While there are good reasons for Biden to hold off on the press conference (it can only hurt him), Americans need to hear directly from the President:
Were he advising the White House, Luntz said, he’d recommend delaying the news conference even longer, perhaps holding one at the 100-day mark. “A press conference will not help him and can only hurt him,” he said. “There’s nothing to be gained from it. His message is getting out, and it’s getting out relatively unedited and uncriticized.” Luntz added that the audience for a presidential news conference these days is shrunken and fractured. “The problem is, you’re talking to the choir,” he said. “No Trump voter will listen to Joe Biden, just as no Biden voter would listen to Donald Trump.”
…
What incentive, then, does Biden have for showing up at a news conference and risking a misstatement or garbled bit of syntax? For one, it’s in the public interest for the president to make himself routinely available to questioning by journalists. For another, there’s always the chance Biden will ace the test. Republicans have spent the past two years spreading the notion that Biden suffers from some sort of cognitive infirmity. Against that low bar, he’s bound to exceed expectations. “Here’s where I think Republicans have made a mistake,” Ari Fleischer, a White House press secretary under George W. Bush, told me. “If Joe Biden doesn’t drool all over himself at the news conference, he’s going to have done better than they expected. They set those expectations at the drool level.”

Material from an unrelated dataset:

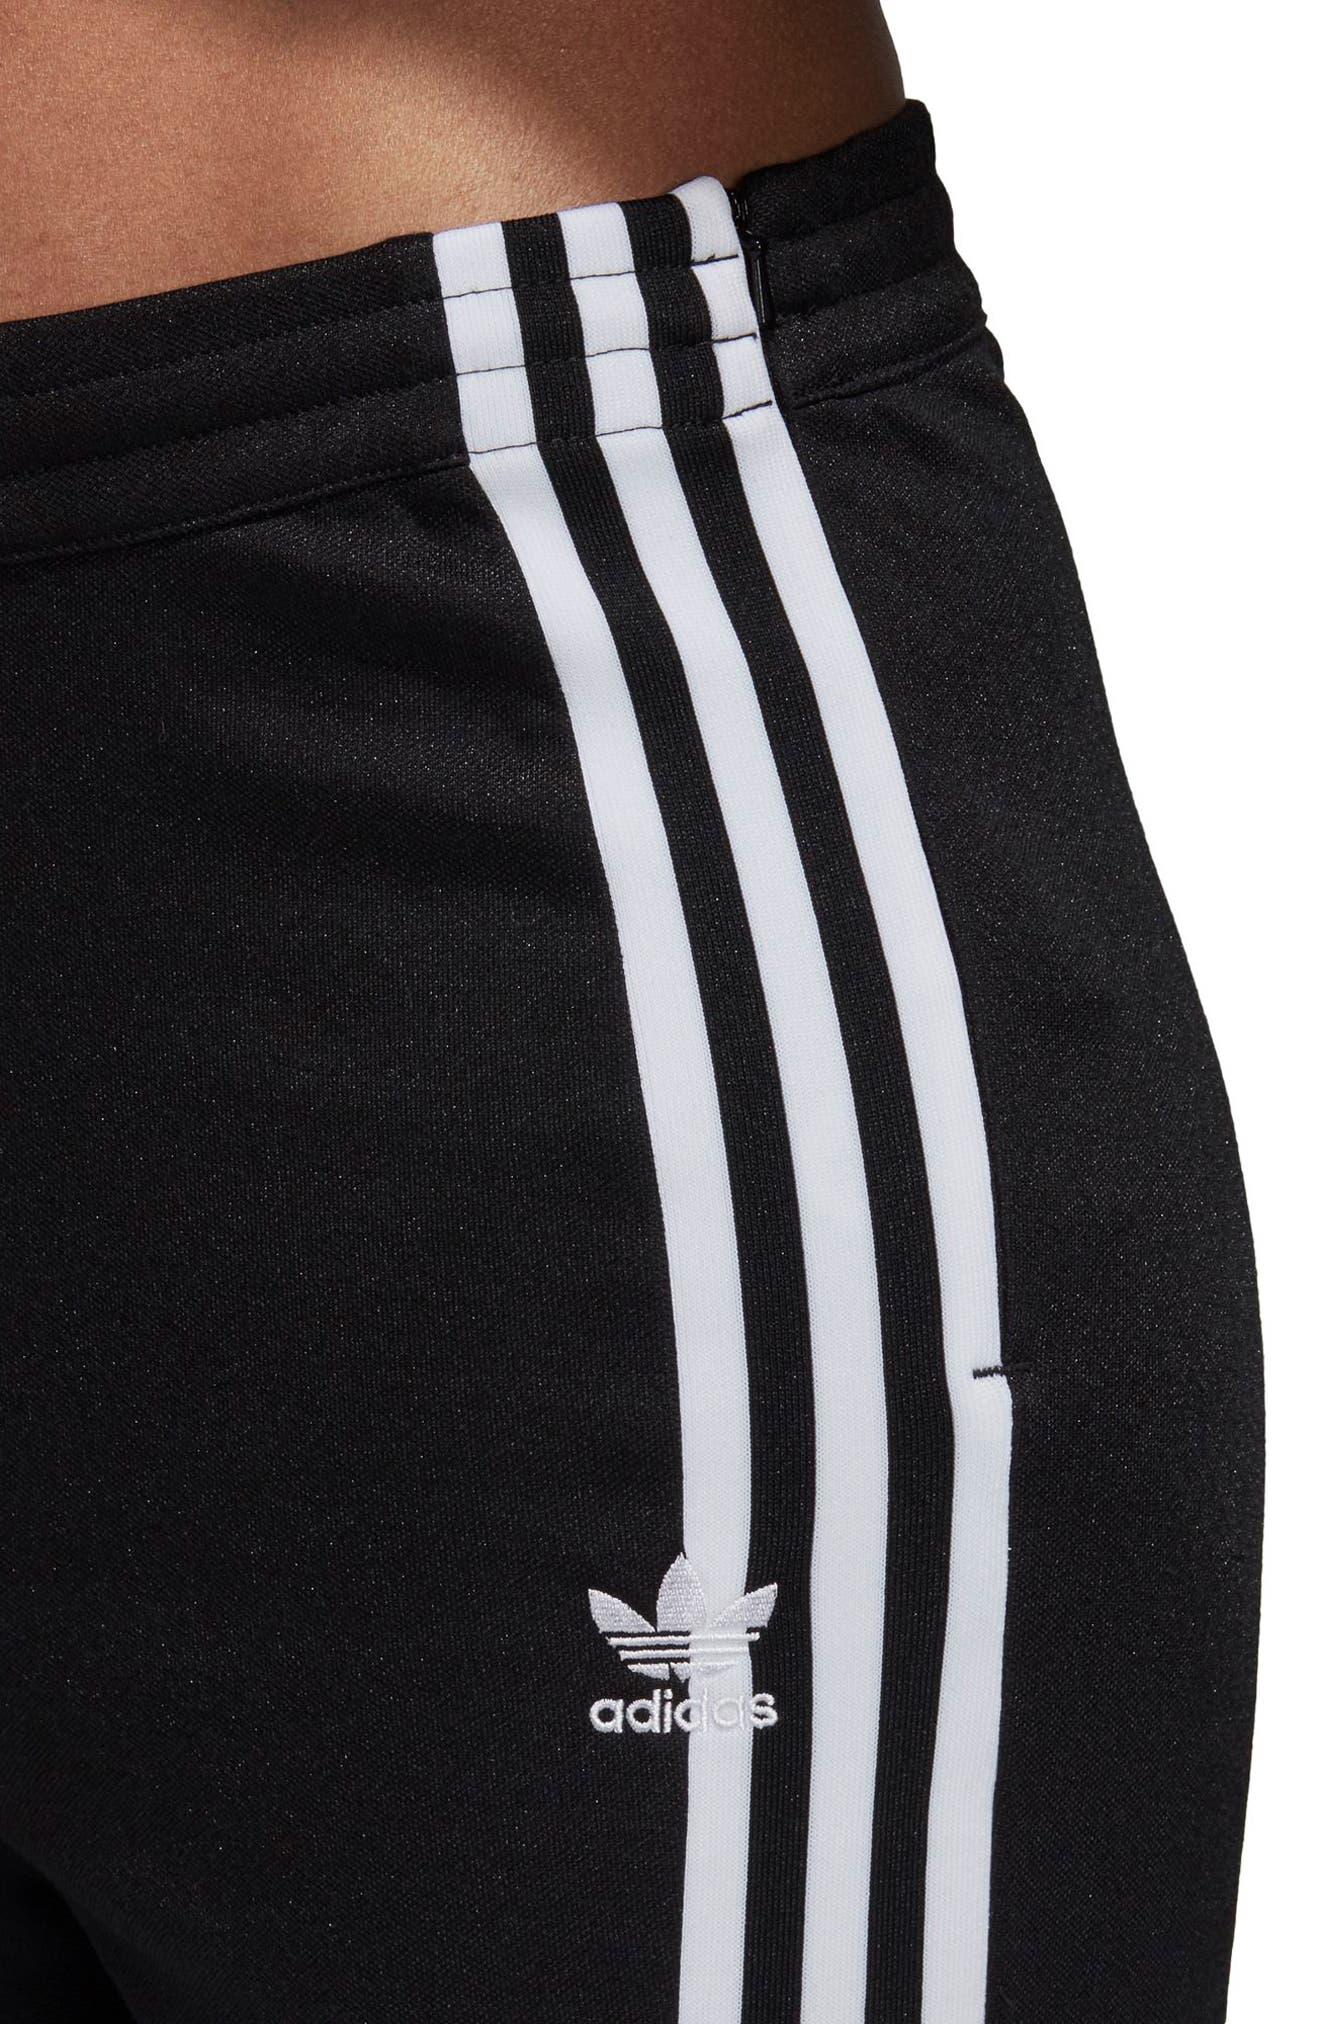 adidas 3 Stripe Track Pants,                             Alternate thumbnail 8, color,                             BLACK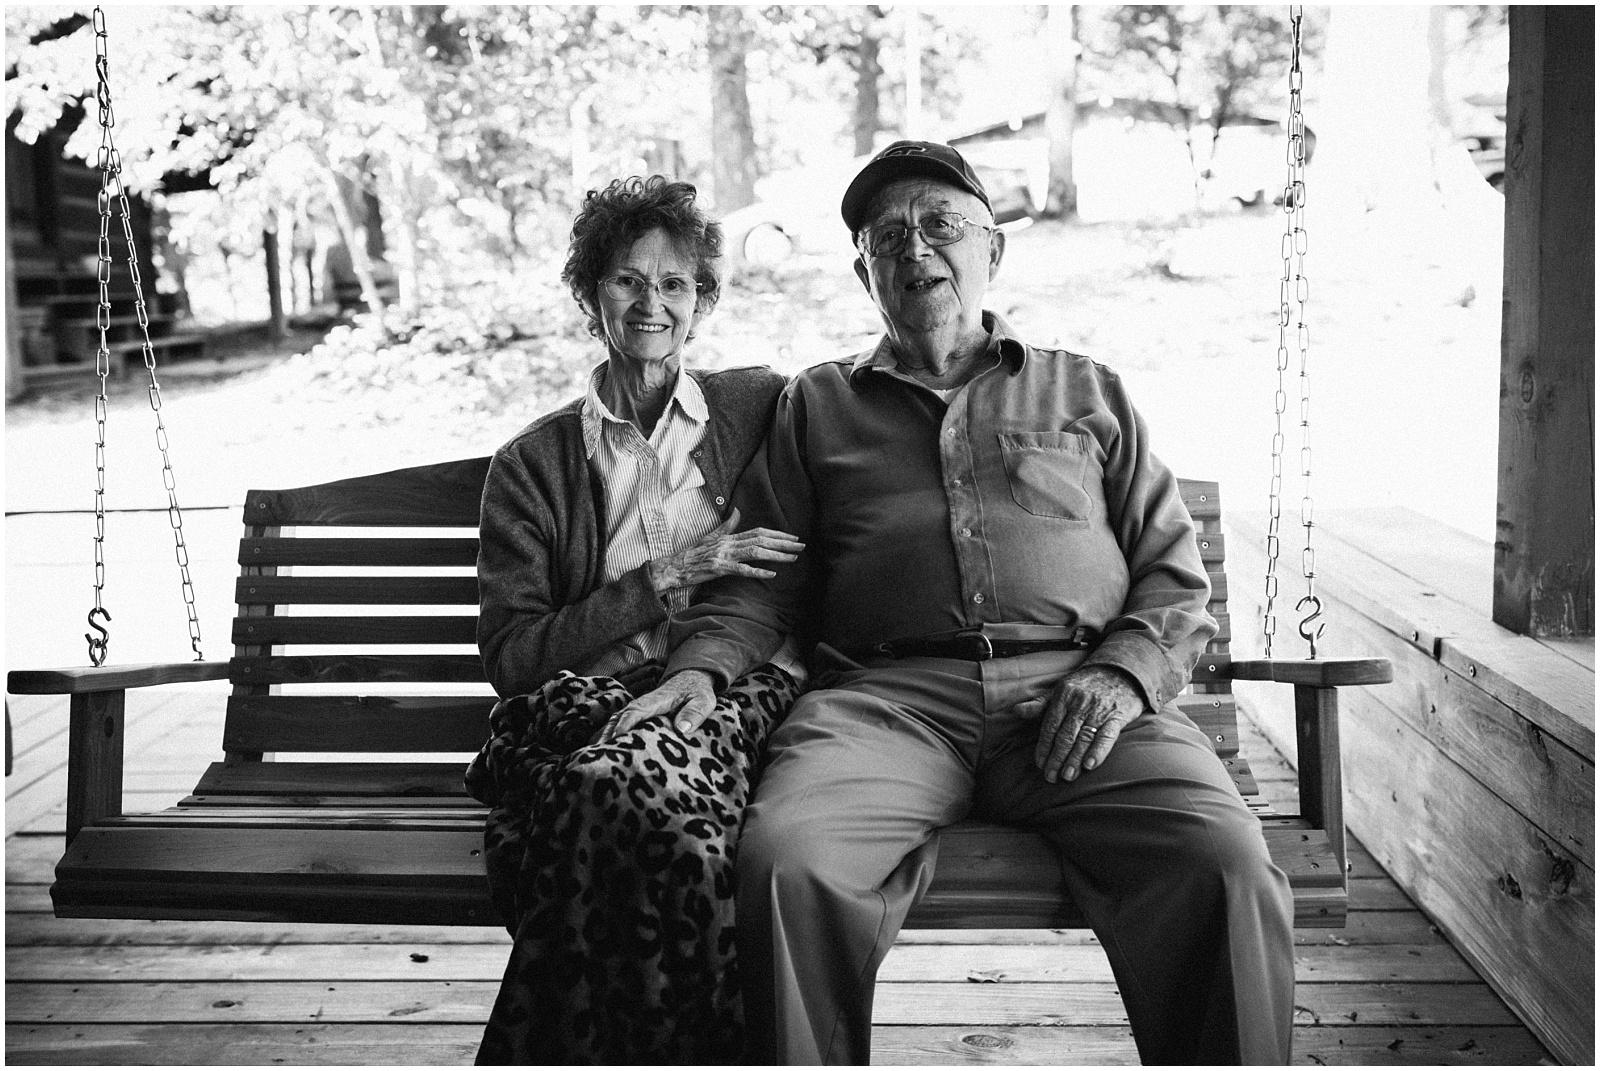 Grandma and granddad portrait on swing

Also, if President Biden were to refuse to hold a news conference, he would be breaking an American tradition established back in 1955 with President Eisenhower.
In advance of the Biden event, Washington Post writer Margaret Sullivansure hopes that reporters won’t use the event as an opportunity to showboat and treat Biden the same as they did Trump :
But when President Biden steps to the lectern Thursday, the pressure will also be on the White House press corps themselves, as reporters recalibrate after the tumultuous, misinformation-filled years of Donald Trump to a president who is far less showy and, to date, much more truthful.
It’s a major test for news organizations and reporters in covering Biden.
And Joe Lockhart, a press secretary under President Bill Clinton, fears the press corps won’t be able to resist walking in with the mentality of, “We’re gonna show all the MAGA people we can be just as tough on Biden as we were on Trump.”
The burgeoning number of migrants — including thousands of children — is a legitimate concern and a valid story. But much of the news media seems to be using it to show that they intend to present Biden in just as critical a light as they often did Trump — regardless of whether that’s deserved.
Of course, the administration hasn’t helped this dynamic by refusing news media access to government detention facilities. That pushes a lot of buttons for reporters who are hard-wired to equate transparency with policy wisdom. Which isn’t always the case.
It sure sounds to me like Sullivan is pleading with reporters to treat Biden with kid-gloves. But if she wants to be taken seriously, shouldn’t she be demanding that the press treats Biden like they did Trump? Equal-opportunity reporting… Further, if the press wants the public to trust their reporting, the goal should always be to treat both Democratic and Republican presidents the same. [Ed. Of course, that’s not how things work in real life, but still…] Moreover, what is happening at our Southern border is indeed a crisis by any definition, and should be recognized as such by both the Biden administration and the press. This is a dire situation that deserves serious scrutiny and inquiry, and it shouldn’t matter who is currently sitting in the Oval Office. It shouldn’t matter but it always does.